Layoffs soared in August, hitting their highest total for the month in 15 years, while year-to-date hiring reached a historic low, outplacement firm Challenger, Gray & Christmas reported Thursday.
Announced job cuts totaled 75,891 for the month, lurching 193% higher than July. Though the total was just 1% higher than the same month in 2023, it was the highest number for August going back to 2009, as the economy was still escaping the worst of the global financial crisis.
On the hiring front, companies said they were adding just 6,101 new workers, up by nearly 2,500 since July but down more than 21% from August 2023. The year-to-date hiring announcements of nearly 80,000 is the lowest total in history going back to 2005.
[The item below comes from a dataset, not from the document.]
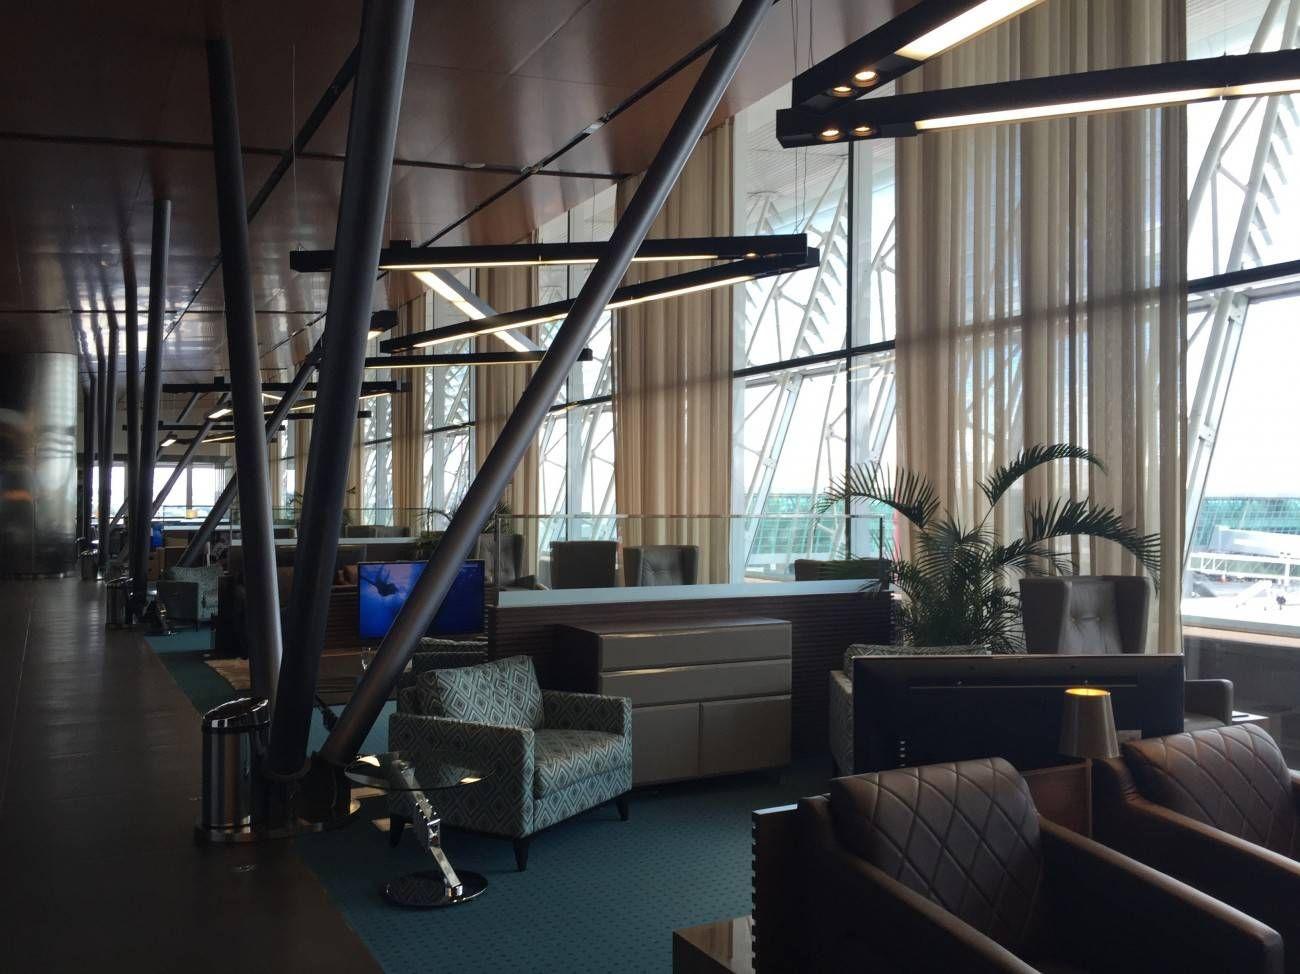 sala vip aeroporto brasilia

“August’s surge in job cuts reflects growing economic uncertainty and shifting market dynamics,” said Andrew Challenger, the firm’s senior vice president. “Companies are facing a variety of pressures, from rising operational costs to concerns about a potential economic slowdown, leading them to make tough decisions about workforce management.”
The report comes with concerns rising that the labor market is weakening even though the U.S. economy has seen growth of 1.4 million in nonfarm payrolls this year. Markets expect a softening jobs picture to prod the Federal Reserve into lowering interest rates later this month even with inflation running higher than the central bank’s 2% target.
Thursday’s report showed the biggest growth in planned layoffs came in the technology field, with companies announcing 41,829 cuts, the most in 20 months.
“The labor market overall is softening,” Challenger said.
Companies announcing job cuts most often cited cost-cutting and economic conditions as the reasons, though artificial intelligence also was listed for the first time since April.
The Challenger layoffs data is somewhat out of sync with government reports, which show that initial claims for unemployment benefits have been slightly elevated in recent weeks but not reflective of a major escalation.